At this time, I just landed a job as a Junior Cook. It's a good first step in landing in the HK Labour Market, but I know I won't be using this in the long-term. It's only to establish myself only for the experience and foundation in this Labour Market.

I don't walk into restaurants themselves and demand for a job, I send resumes over to the e-mail addresses of the employer. After I have my Western Cook Certification, I do intend to start really establishing myself as a Commis Chef.



Career Doctor's picture
Career Doctor  
Posted Friday, 10 September 2010 01:01 PM

So what kind of food can you cook? What’s your speciality? While it's true there seems to be quite a large demand for talent in the food & beverage industry, you have to have something unique to sell!

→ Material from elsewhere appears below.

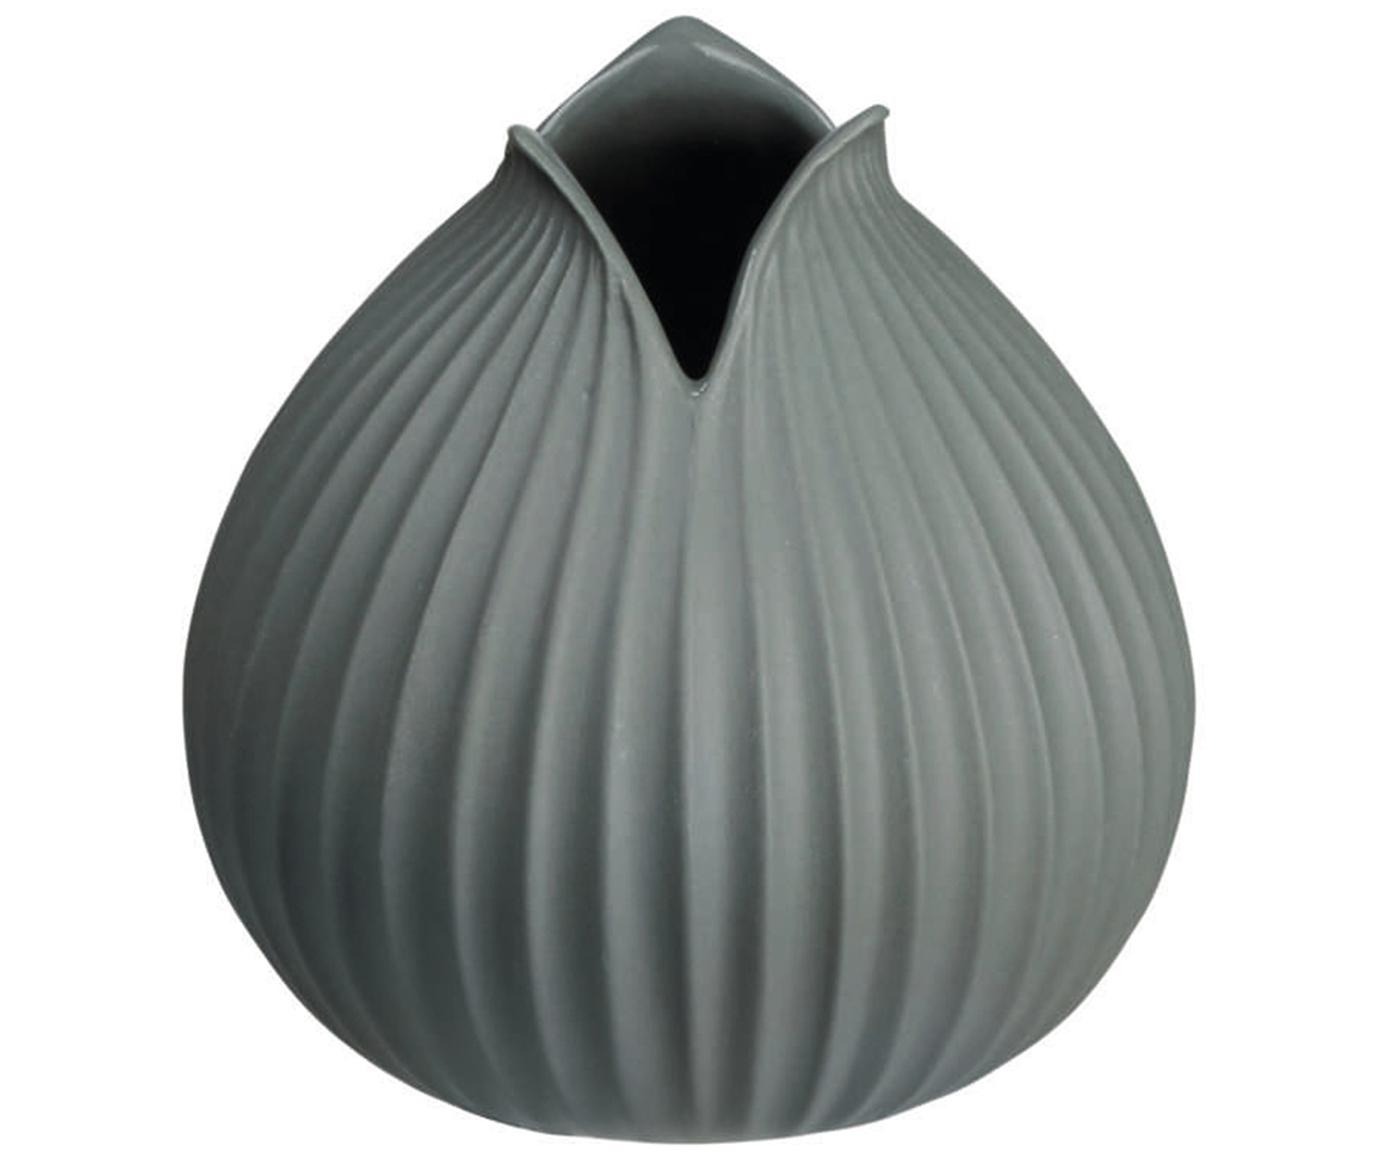 Jarrón artesanal de porcelana Yoko, Porcelana, Gris, Ø 10 x Al 11 cm
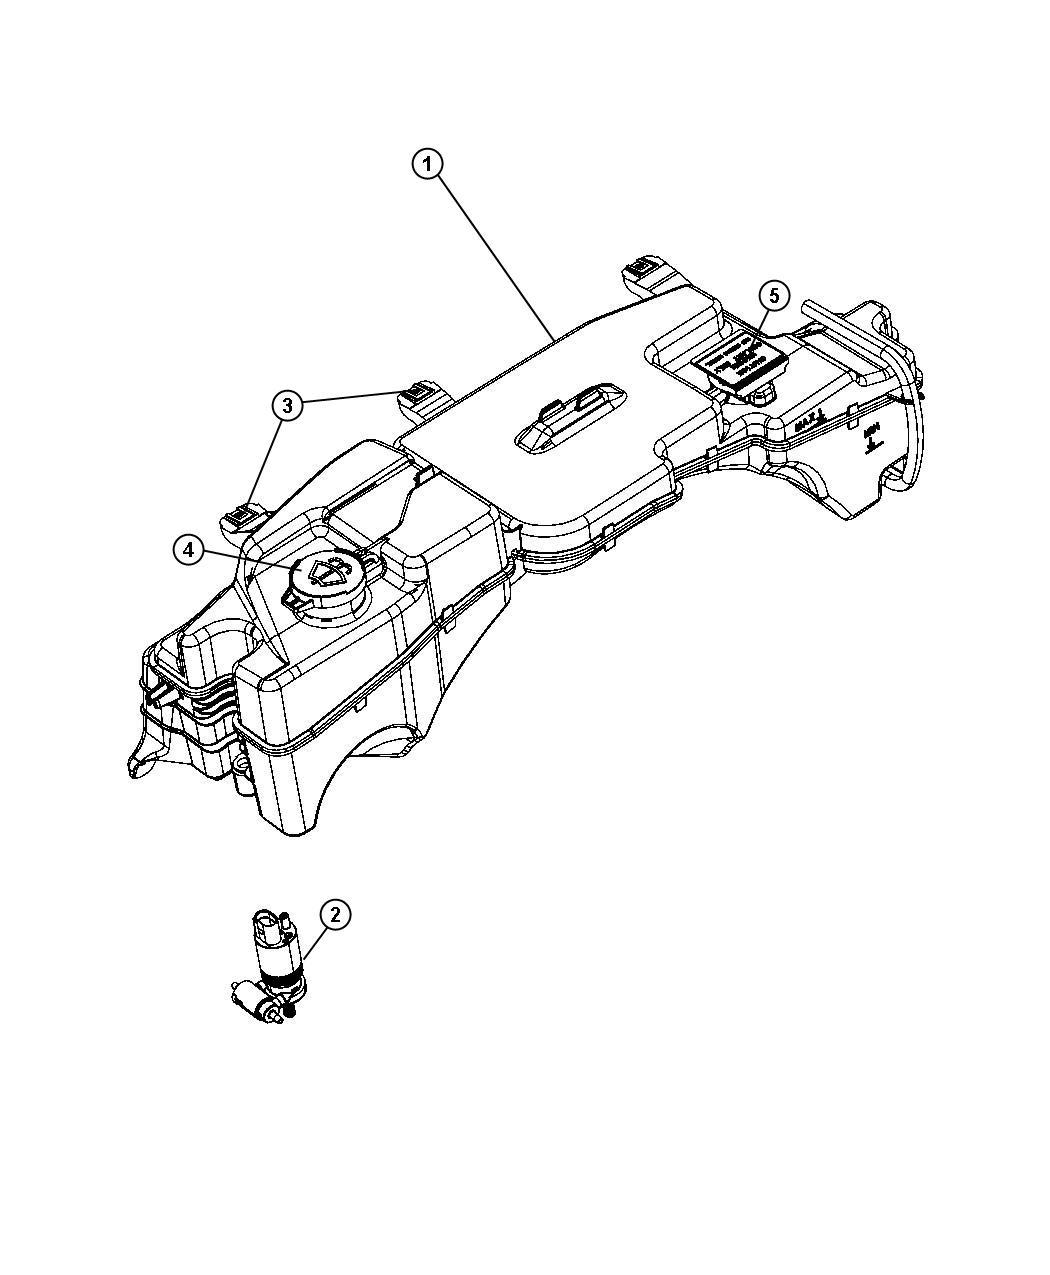 i2194307 2016 dodge nitro radio wiring diagram wiring diagram,2004 Dodge Ram Fuse Box

Do you have any targets in mind? Say a certain kind of restaurant that you think you can cook their food well? Or in the very the least know the required cooking procedures and capable of doing it?

You can't speak Cantonese? This may or may not be a problem, it all very much depends on the kitchen you join. Large build? Most chefs I know are pretty big and chubby. Even me myself as a family cook, I am big! But to what extent are you talking about? As long as you are at a healthy weight for your size, that is most important. Be confident!

In the meantime, it’s a good idea to get some local accreditation to support your CV and it may introduce you to local professionals who can give you some advice and build up your local network of contacts.

In any case, you need a focus. You can't just walk into any restaurant and ask for a job. What kind or level of a job are you looking for? Mind telling us more?